It is well settled in Georgia law that a disclosed agent is not liable for any breach of the contract of the principal. See O.C.G.A. § 10–6–53 (“The form in which the agent acts is immaterial; if the principal's name is disclosed and the agent professes to act for him, it will be held to be the act of the principal.”); see also Cuba v. Hudson & Marshall, Inc., 213 Ga.App. 639, 445 S.E.2d 386, 388 (1994) (“[W]e note that even if there were an enforceable contract for the sale of Property No. 230, plaintiffs' remedy would be against [the principal]; defendants as agents of a disclosed principal would not be liable for the principal's breach of contract.”).
In the Report and Recommendation issued on July 24, 2014, the undersigned addressed the Defendant's argument in its second Motion to Dismiss [78] that the Plaintiff's breach of contract claim should be dismissed on the ground that OLS was a disclosed agent of the principal.

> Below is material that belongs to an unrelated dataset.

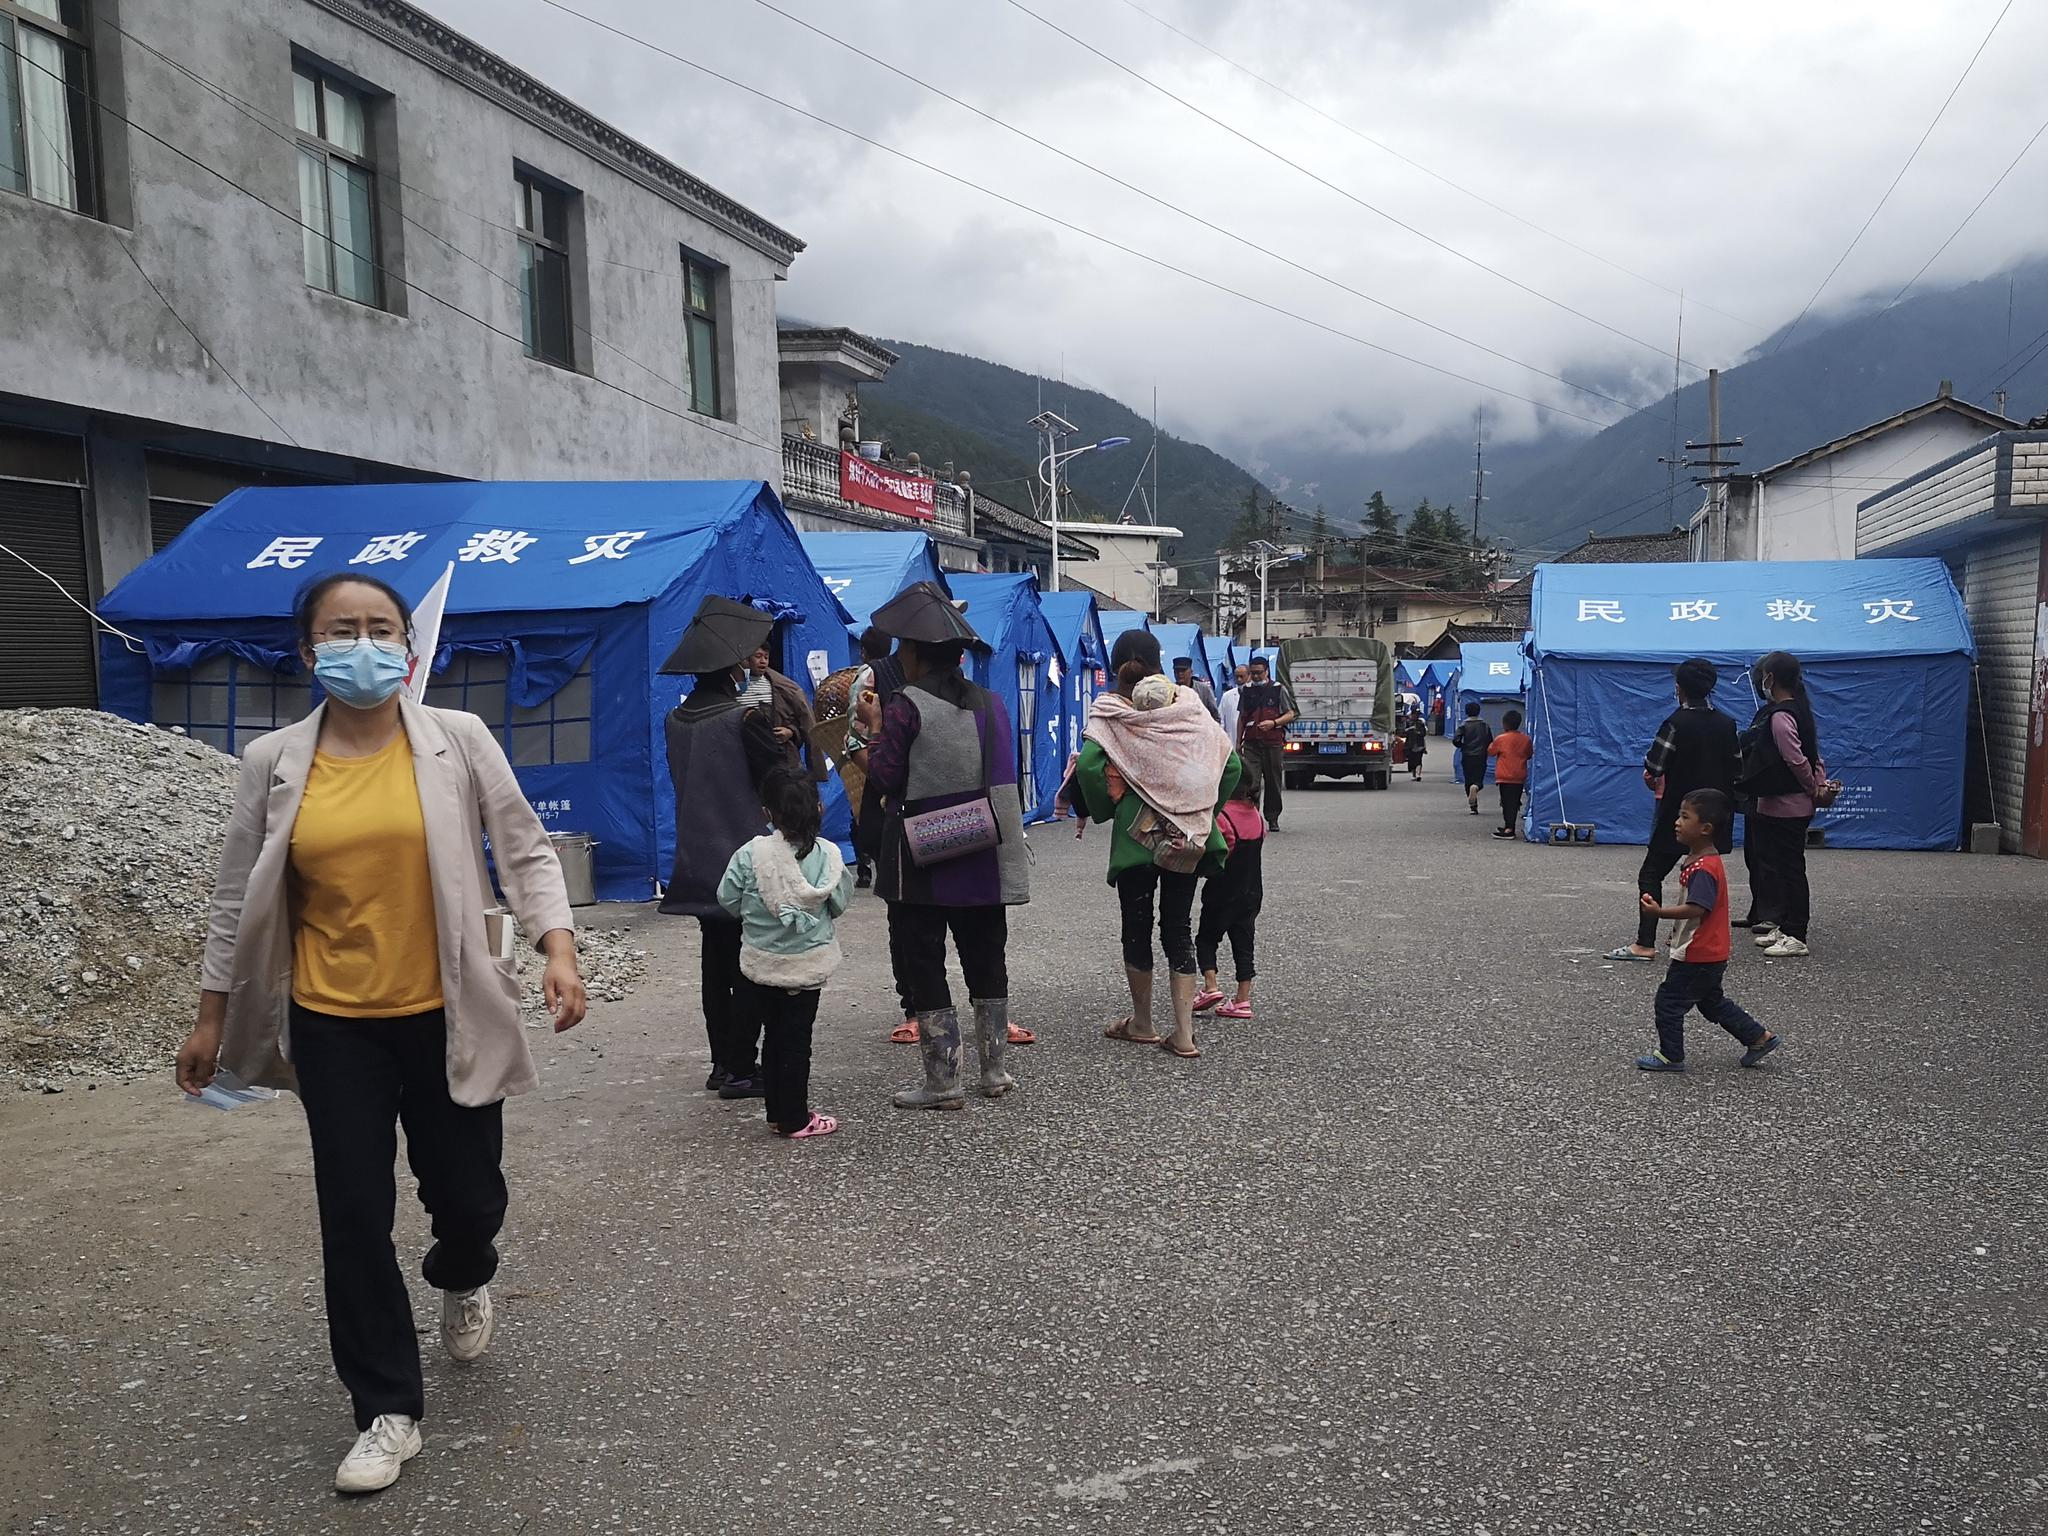 大堡子村村民转移到了原曹古乡乡当局暂时安顿点。新京报记者 李桂 摄

See Report and Recommendation [113]. The undersigned declined to recommend dismissal of the claim at that time, and stated as follows:
As discussed, the Plaintiff alleges in the Second Amended Complaint that Upland notified him in a letter that the new servicer of the Loan would be OLS, and that OLS also sent him a separate letter in which it introduced itself as the new servicer for the Loan. Sec. Am. Comp. at ¶¶ 21–22. Thus, it appears that Plaintiff's allegations would suggest that it was disclosed to him by both Upland and OLS that OLS was acting as the servicer of the Loan, and that OLS was not acting as the principal or owner of the Note and the Security Deed. However, while this may be the most logical inference from the alleged facts, the Court cannot definitively say that this is the only plausible inference, or that Plaintiff can prove no set of facts to establish a breach of contract claim against Defendant. Indeed, Plaintiff contends that he “squarely disputes that Defendant OLS was a disclosed agent.”
Moreover, in the unique procedural posture of this case, there is no reason at this time to dismiss this claim based on these borderline allegations. Discovery has been completed, and Defendant has already filed a motion for summary judgment requesting judgment in favor of Defendant on this claim on the basis of the actual evidence adduced in discovery. Given the debatable quality of the allegations and the lack of any efficiency to the Court or parties in considering this claim on the basis of the Plaintiff's allegations alone, the Court finds that the appropriate course is to assume the sufficiency of those allegations for the purpose of resolving the instant motion, but revisit the issue in the context of Defendant's summary judgment motion.
Id. at 27–28 (footnote omitted).
The Defendant's argument is now before the Court on its Motion for Summary Judgment, and the parties have had an opportunity to present evidence relevant to the issue of whether OLS was a disclosed agent on the Loan. As set forth above, it is undisputed that Plaintiff entered into a Note and Security Deed with Upland on or about December 7, 1998, to secure the Loan on the subject Property. Def. SMF at ¶¶ 1–2; Def. Ex. 1, 2. It is further undisputed that, on or about May 6, 2005, Defendant OLS began servicing the Loan and sent Plaintiff numerous account statements, approximately one per month. Def. SMF at ¶ 6. Plaintiff has not cited to any evidence in the record that OLS ever represented to Plaintiff that it had been assigned Upland's interest in the Note and the Security Deed or that it otherwise was the principal on the Loan contract with Plaintiff. Instead, the undisputed evidence indicates that OLS at all times represented that it was merely the servicer of the Loan.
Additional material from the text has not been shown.